Comparison of aCSF and aCSF + bumetanide revealed that the two are not significantly different (unpaired two-tailed t-test, p = 0.71). This is now stated in the Results section (subsection “Bumetanide attenuates ethanol-induced potentiation of depolarizing GABA responses in embryonic MGE-derived GABAergic cortical interneurons”), and a supplementary data set is provided (Figure 2—figure supplement 2).

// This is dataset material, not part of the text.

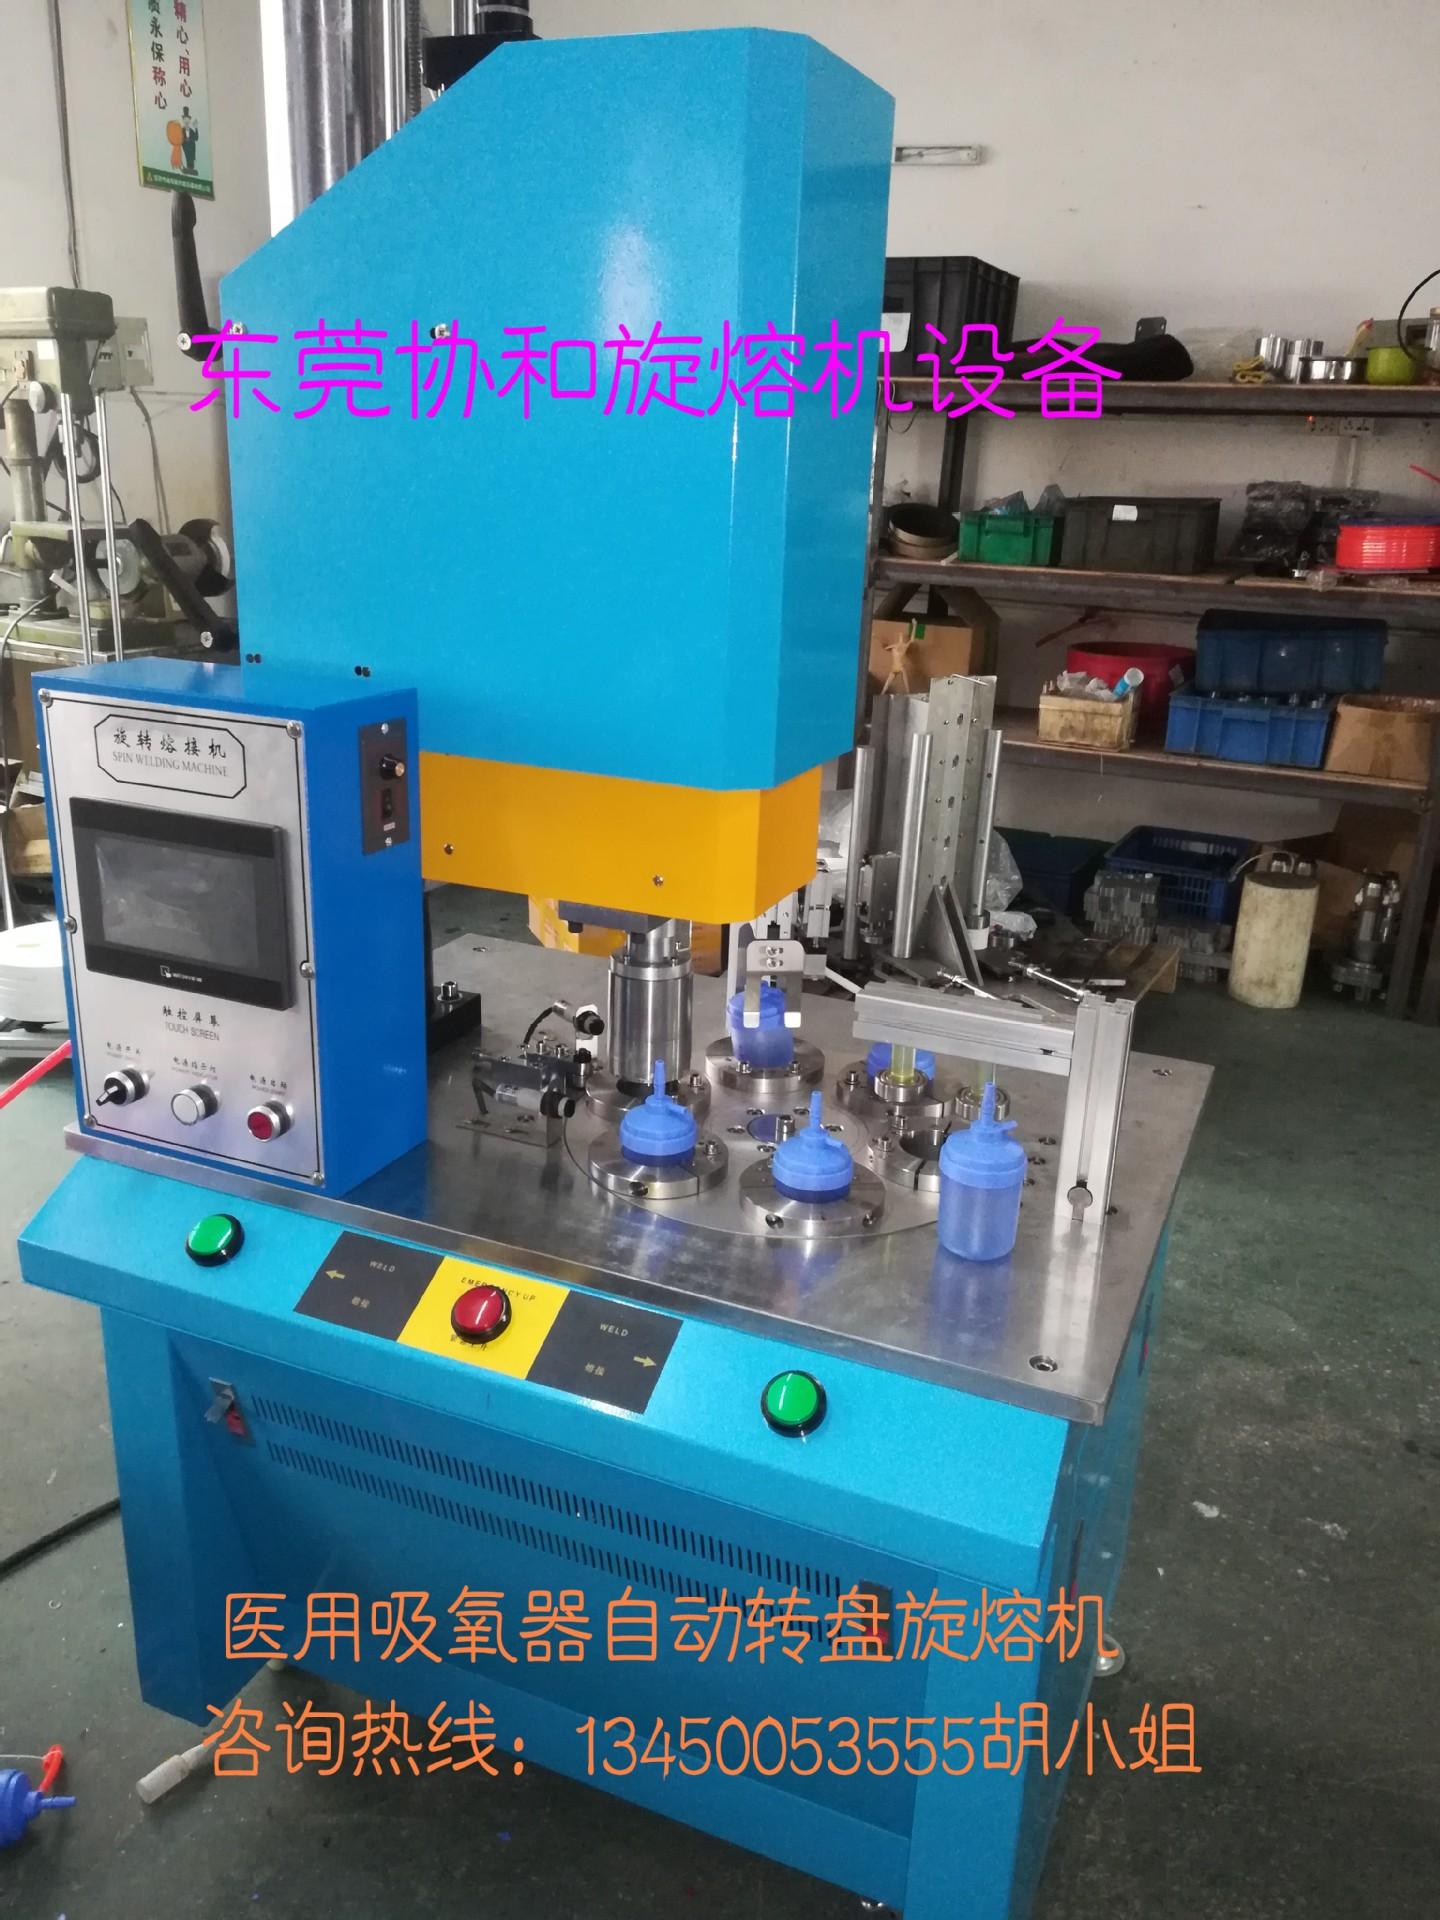 非定位旋熔机 协和机械生产厂家 防水防气密焊接旋熔机示例图1

- Relationship between the increased number of interneurons in PFC and the impaired behavioral flexibility requires clarification. In their previous paper (Skorput et al., 2015), the authors referred to the work by Cho et al. (2015, Neuron, 85:1332-1343). But the latter mouse showed reduced number of interneurons in the prefrontal cortex. To prove that the interneuronopathy of this type (increase in the number of interneurons) is the etiology of impaired behavioral flexibility, an additional experiment that increases the number of interneurons in the PFC by other means than ethanol, or previous reports on mutant mice with similar increase in the number of interneurons, should be considered, either discussed or performed. If not presented then greater caution should be exercised with regard to the proposed mechanism.

We thank the reviewer for pointing this out – it was our oversight not having discussed this important issue. Our view is that cognitive behavioral deficits resulting from I/E imbalance within intracortical circuits manifest regardless of the directionality of the skewing. In addition to the study cited in Skorput et al. (2015) and referenced by the reviewer (Cho et al., 2015), study of mouse cognition has shown that pharmacologic activation of the GABAergic system in the prefrontal cortex with the GABA_AR agonist muscimol reduces behavioral flexibility (Rich and Shapiro, 2007). In addition, Ferguson and Gao (2018b) demonstrated that enhanced inhibitory tone in the mPFC induced by a pharmacogenetic increase in the excitability of PV neurons resulted in increased perseverative behaviors. These findings and others were recently reviewed by Ferguson and Gao (2018a) in which they also conclude that “Modulation of PV activity has also been useful in demonstrating one of the more obvious principles of E/I balance, that too much inhibition can also impair PFC circuit function”.We have added a statement in sixth paragraph of the Discussion section to address this important point.